*EXERCISE DETAILS:*
Any picture must be dropped, but each line of the data should be duplicated exactly.

======== RAW DATA

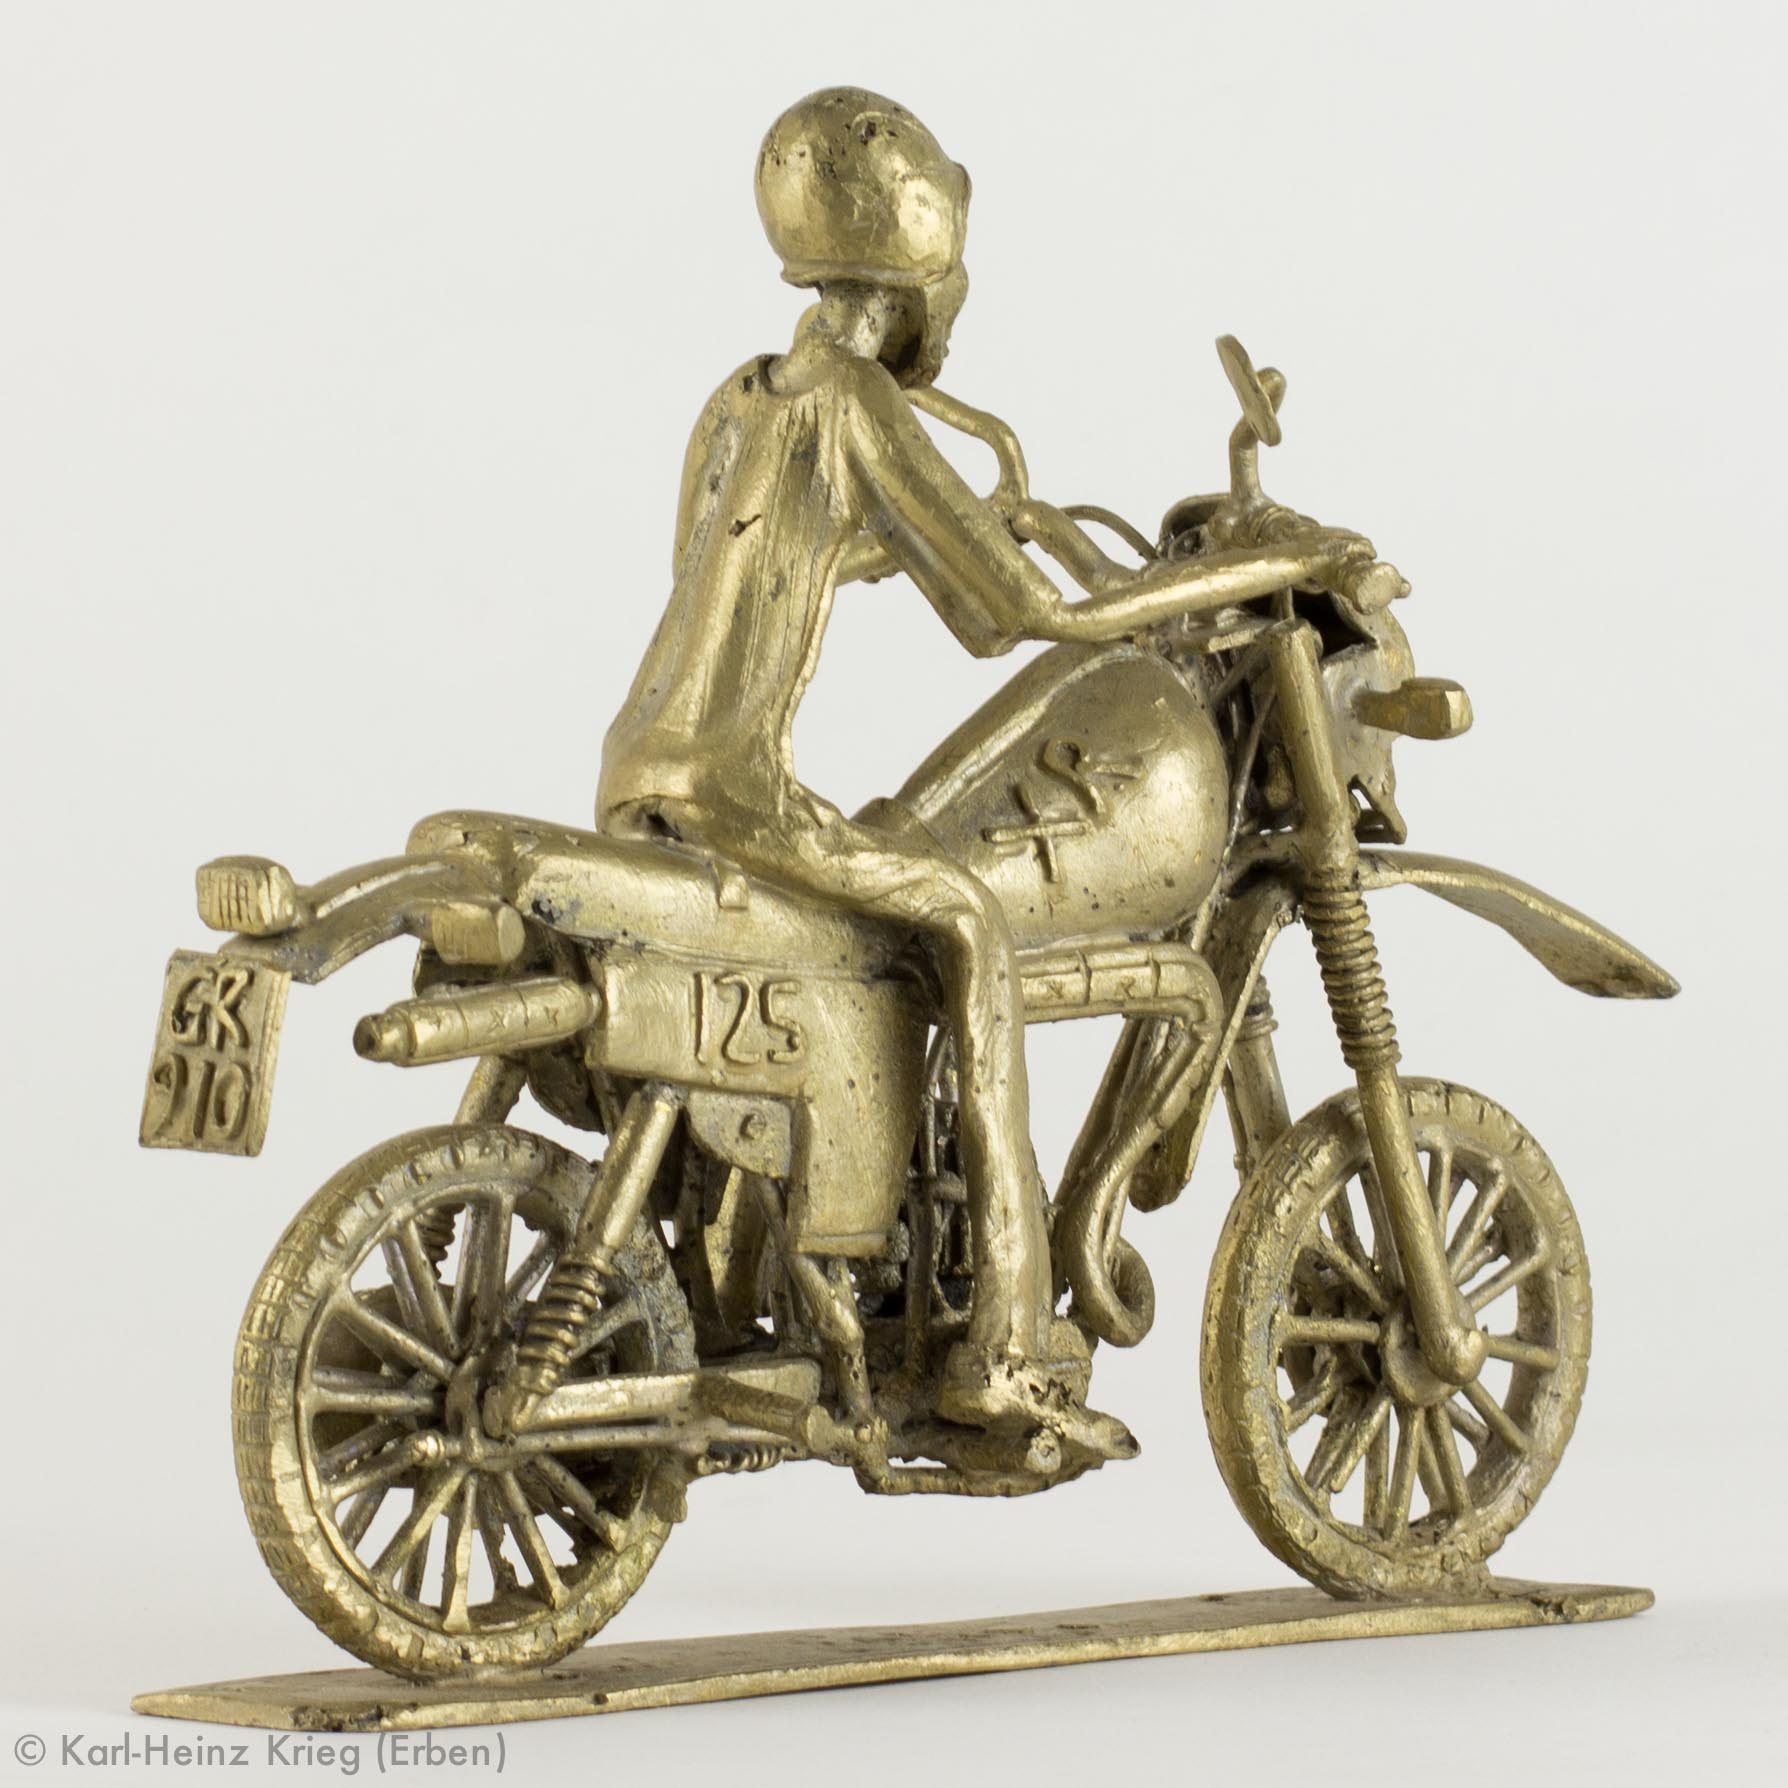 Skulptur von Yaw Amankwaa verkauft
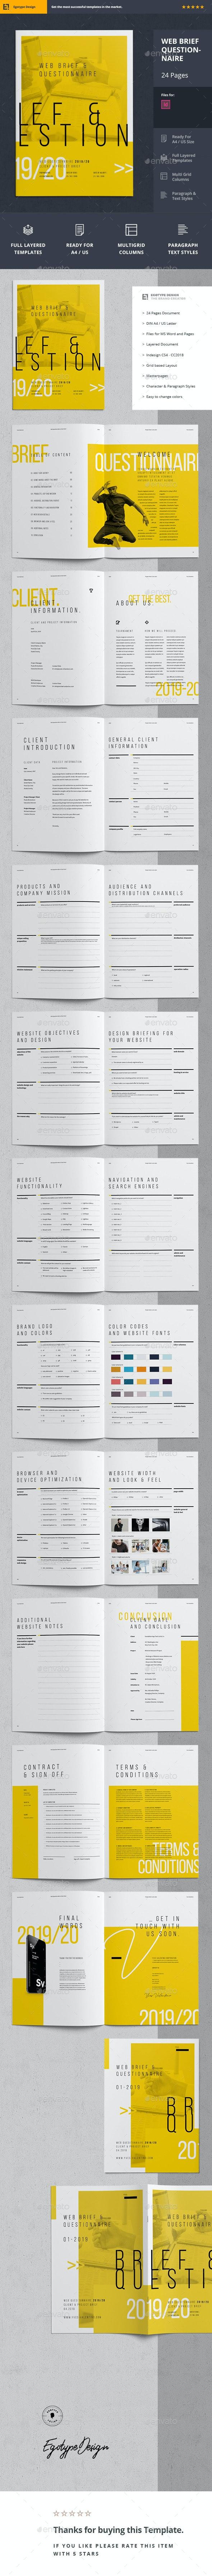 Web Brief Questionnaire - Informational Brochures
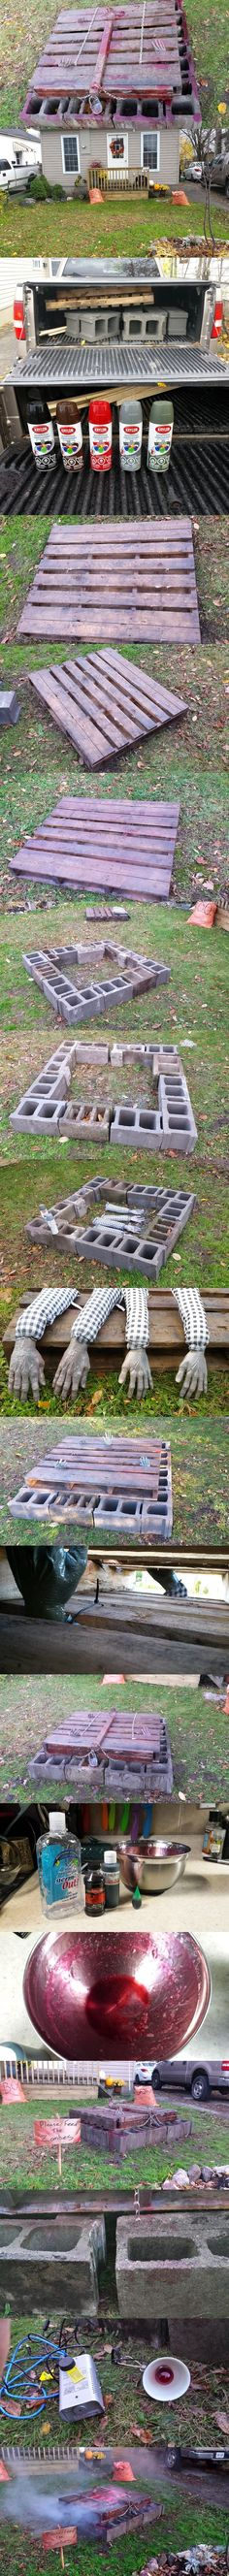 11. Zombie Pit

================

*WRITTEN SOLUTION:*
 Skulptur von Yaw Amankwaa verkauft
 Web Brief Questionnaire - Informational Brochures
 11. Zombie Pit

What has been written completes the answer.